Overview: CGFlow introduces Compositional Generative Flows, a framework extending flow matching to generate compositional objects with continuous states. We apply CGFlow to synthesizable drug design by jointly designing a molecule's synthetic pathway and its 3D binding pose.

Demo: We have a web app demo available: 3DSynthFlow Demo. This demo illustrates the types of molecules and synthesis trajectories generated by 3DSynthFlow. The app code is now available in the app directory. The underlying model is trained in a pocket-conditional setting and is intended for demo purposes only - we suggest performing pocket-specific optimization on your custom pockets.
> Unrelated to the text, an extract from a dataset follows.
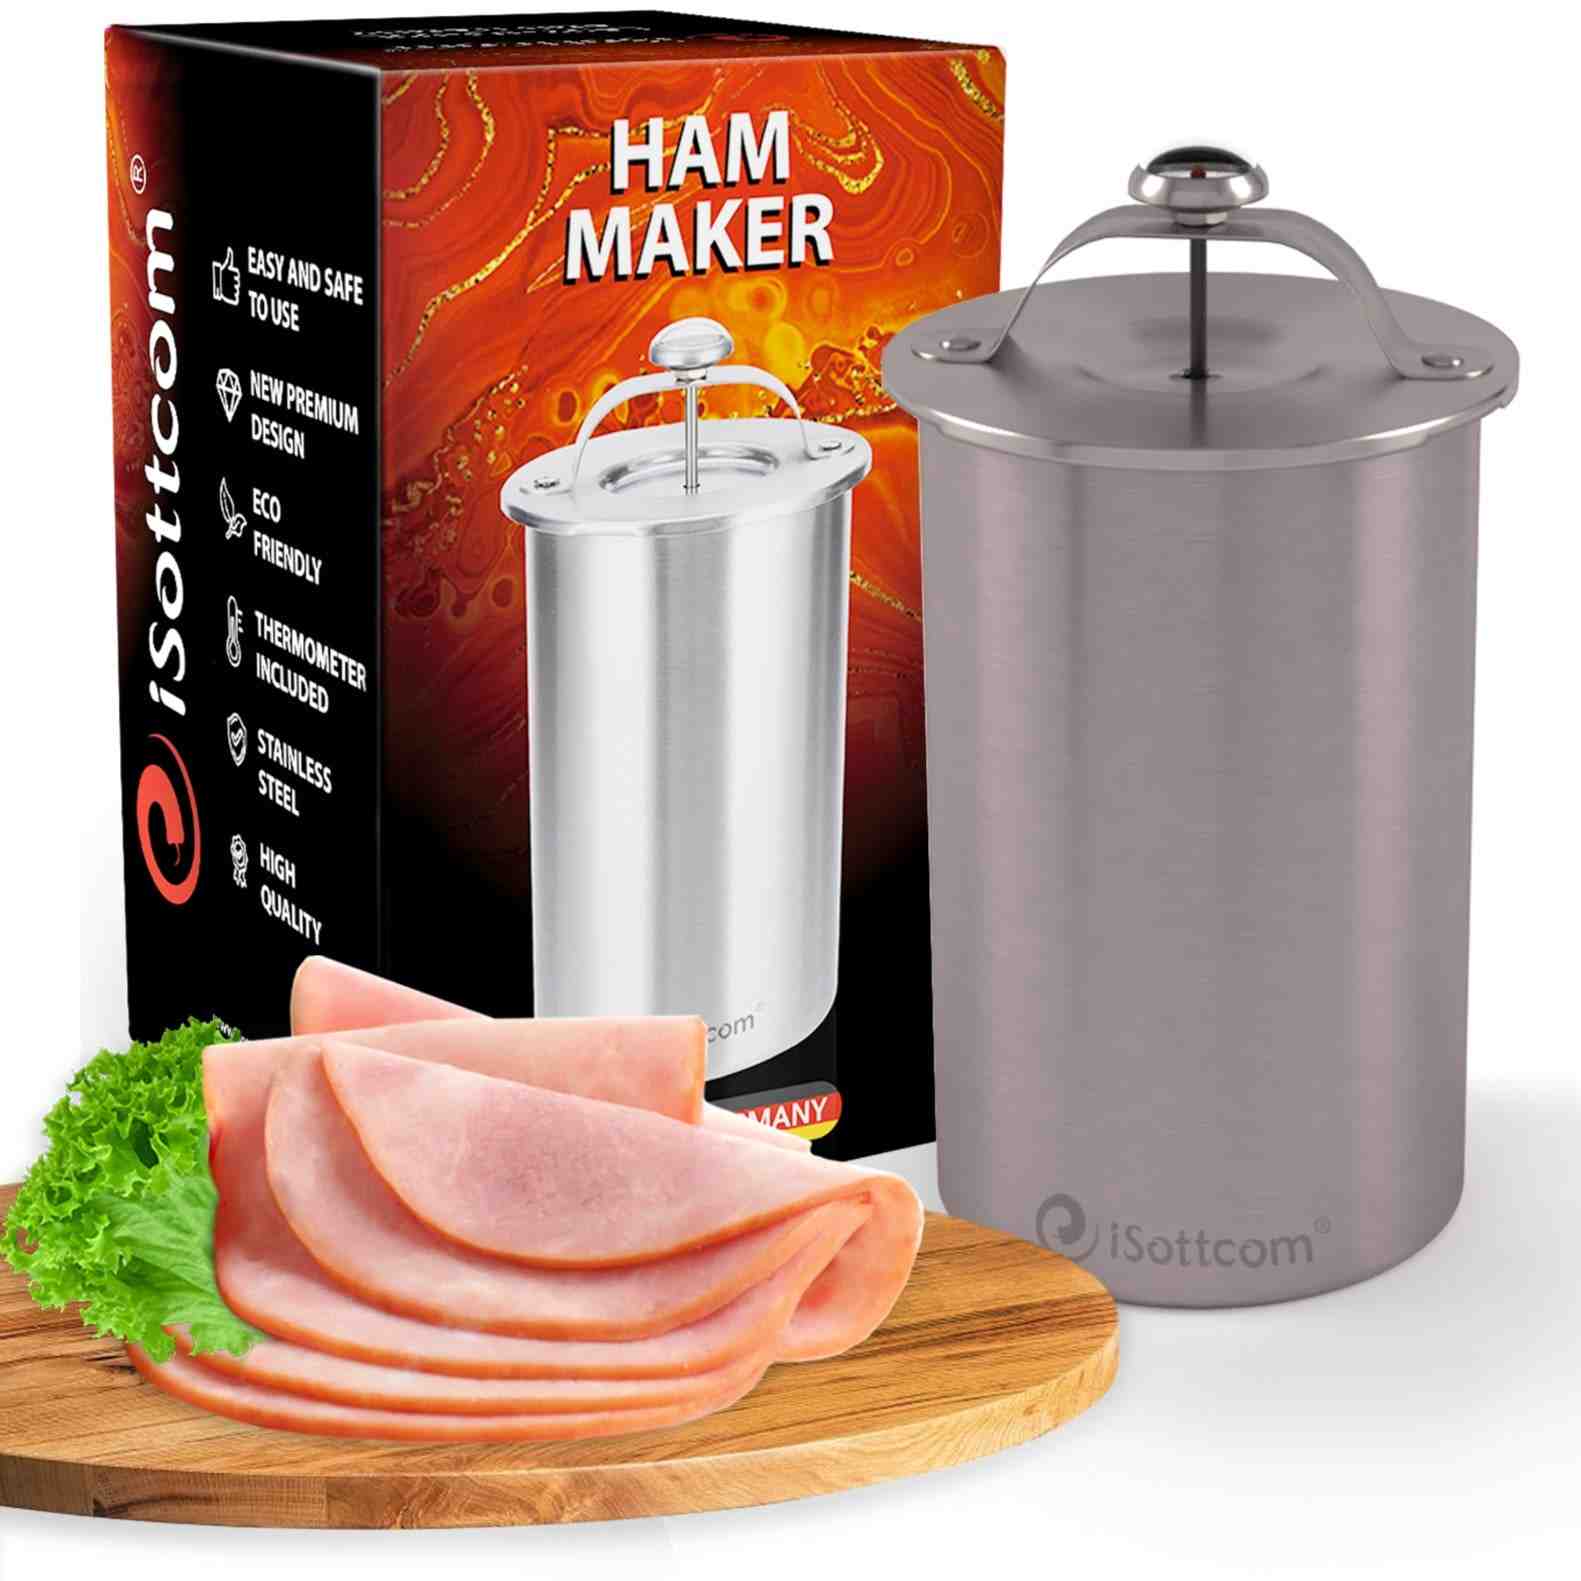 How do you make a ham form?

Authors: Tony Shen*, Seonghwan Seo*, Ross Irwin, Kieran Didi, Simon Olsson, Woo Youn Kim, Martin Ester (* denotes equal contribution)

Acknowledgements

This project builds upon prior work including:

GFlowNet repository by Recursion
RxnFlow for synthesis-based generation
TacoGFN for target-conditioned reinforcement learning
SemlaFlow for flow matching-based molecular conformation generation

Installation

# Create and activate conda environment
# 1. Create and activate environment using mamba
mamba create -n cgflow python=3.11
mamba activate cgflow

# 2. Install PyTorch + PyG via pip
pip install torch==2.6.0 \
    torch-geometric>=2.4.0 \
    torch-scatter>=2.1.2 \
    torch-sparse>=0.6.18 \
    torch-cluster>=1.6.3 \
    -f https://data.pyg.org/whl/torch-2.6.0+cu124.html

# 3. Install your package (-e for editable)
pip install -e .

# 4. Install extra dependencies (optional)
# - AutoDock Vina
pip install -e '.[vina]'
# - Unidock as GPU-accelerated docking
mamba install unidock
pip install -e '.[unidock]'
# - Extras (e.g., jupyter notebook)
mamba install notebook
pip install -e '.[extra]'

Data Preparation

Download Pose Prediction Pretrained Model

You can download the pretrained model weights from here

Pretrained model on CrossDocked2020:

gdown --id 1xGC193o4DtSPzWFjmRIlPjmn7bLfMaCd -O ./weights/cgflow_crossdock.ckpt

Pretrained model on Plinder: TBA

Construct Generative environment

See Data Preparation for detailed instructions on preparing datasets and environments.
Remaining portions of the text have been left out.